* _YOUR GOAL_: Give a verbatim copy of the lines below, minus the pictures.

* _SUPPLIED MATERIAL_:
____

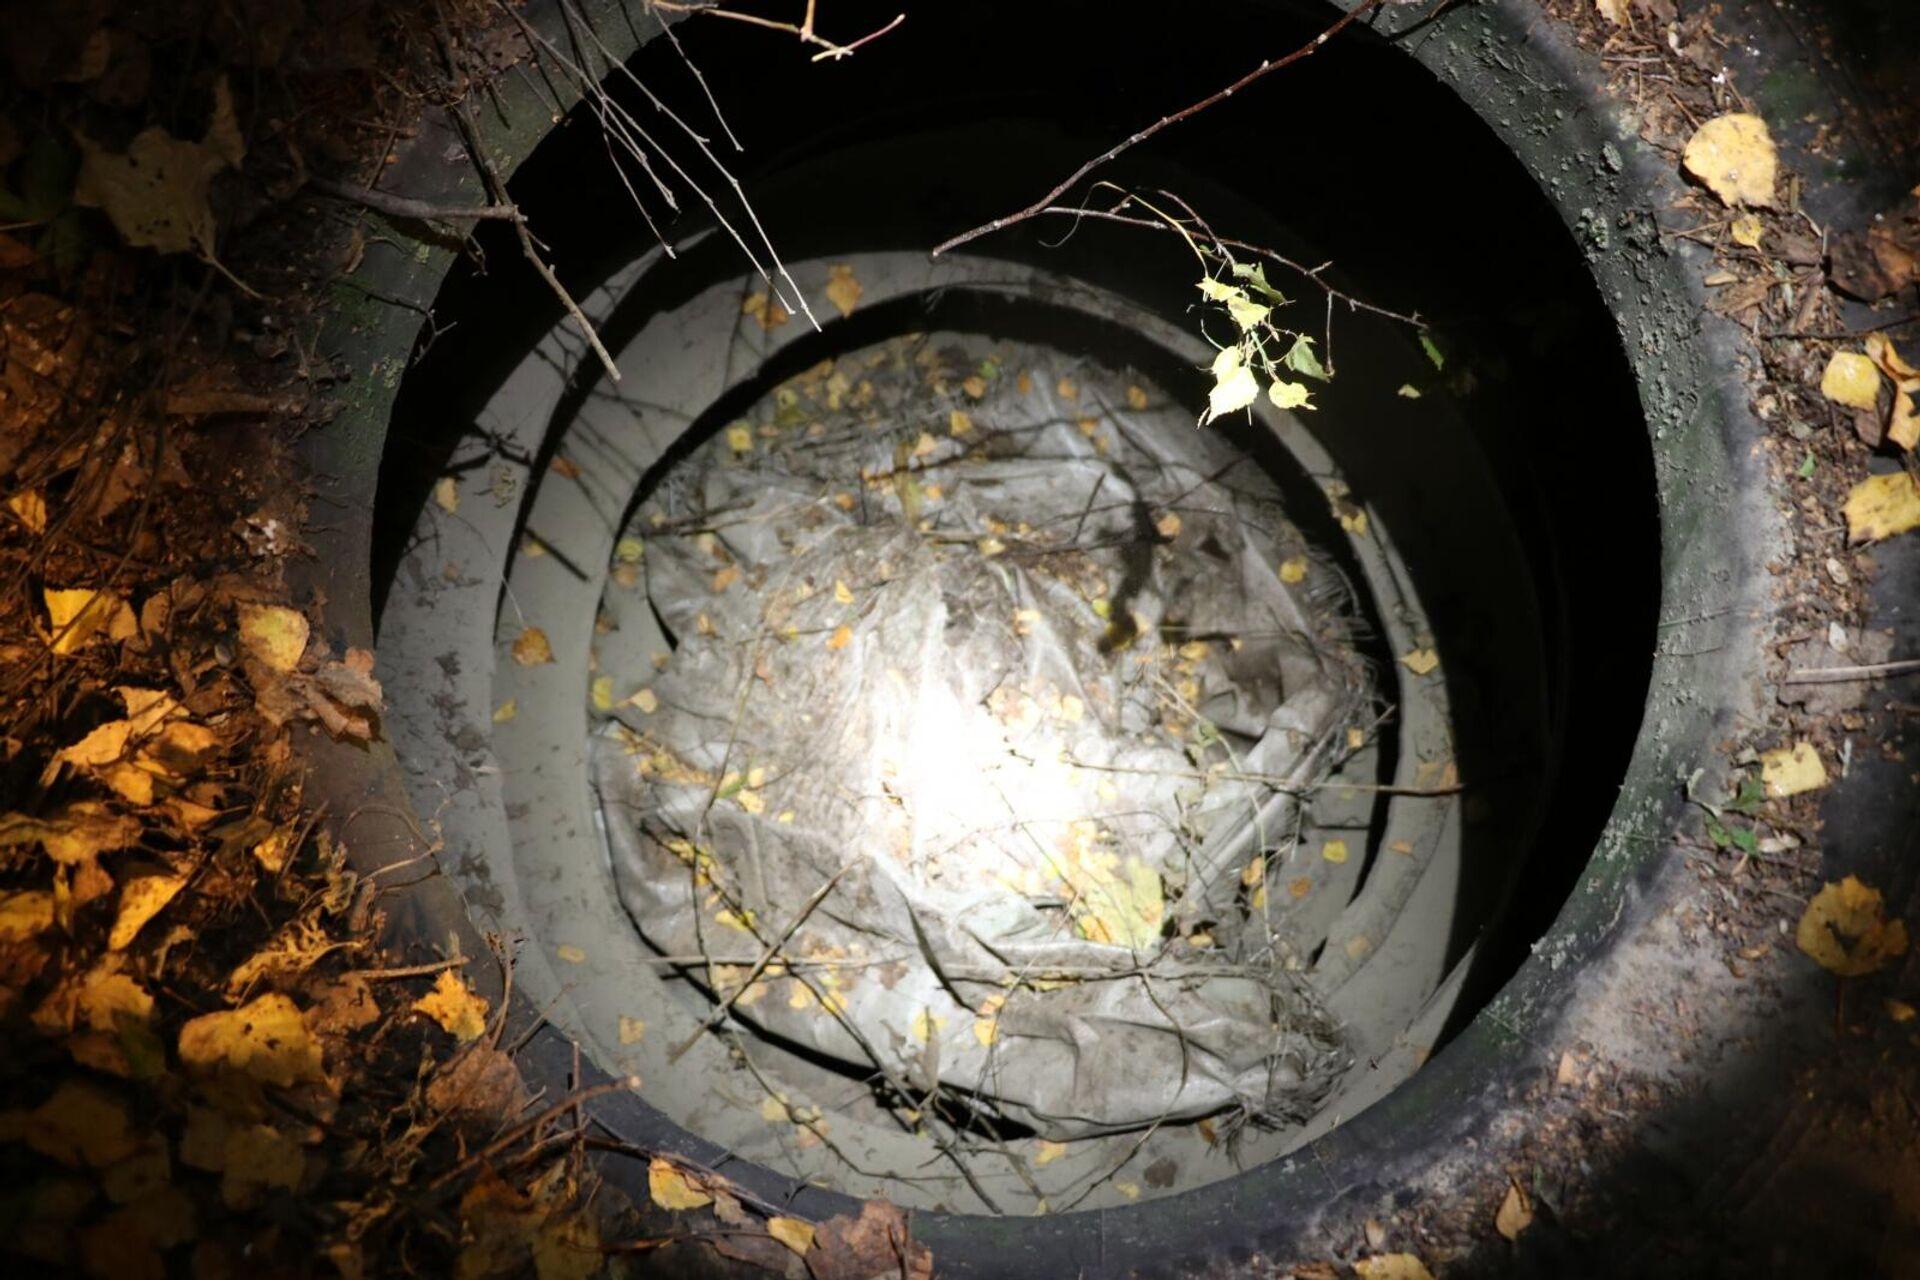 Место в лесополосе около д.Земенки Рязанского района, обнаружено сокрытое под землей и мусором тело - РИА Новости, 1920, 14.10.2021
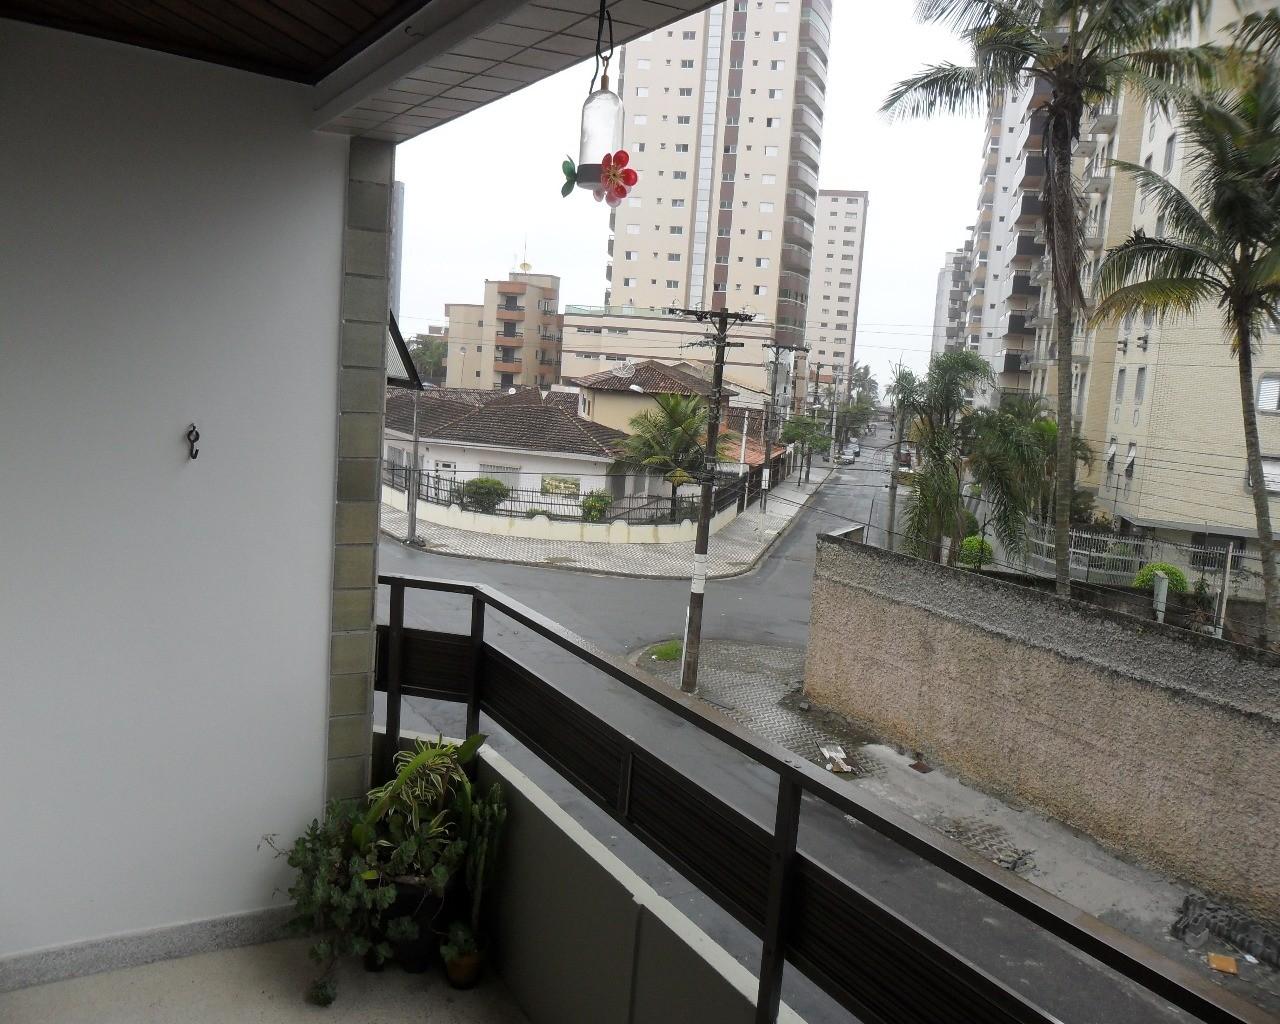 comprar ou alugar apartamento no bairro vila caiçara-praia grande na cidade de são paulo-sp
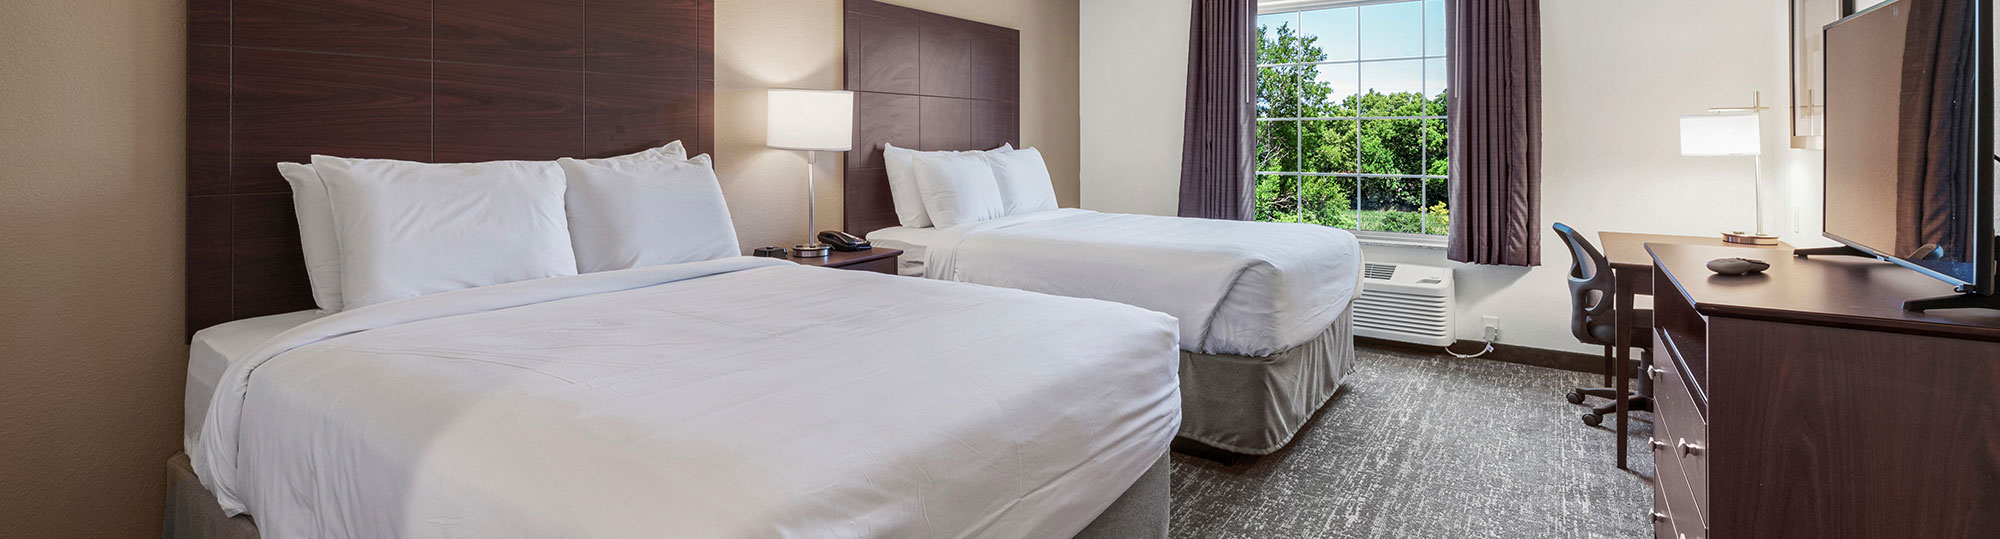 Cobblestone Hotel and Suites Urbana

____

* _SOLVED PROBLEM_:
 Место в лесополосе около д.Земенки Рязанского района, обнаружено сокрытое под землей и мусором тело - РИА Новости, 1920, 14.10.2021
 comprar ou alugar apartamento no bairro vila caiçara-praia grande na cidade de são paulo-sp
 Cobblestone Hotel and Suites Urbana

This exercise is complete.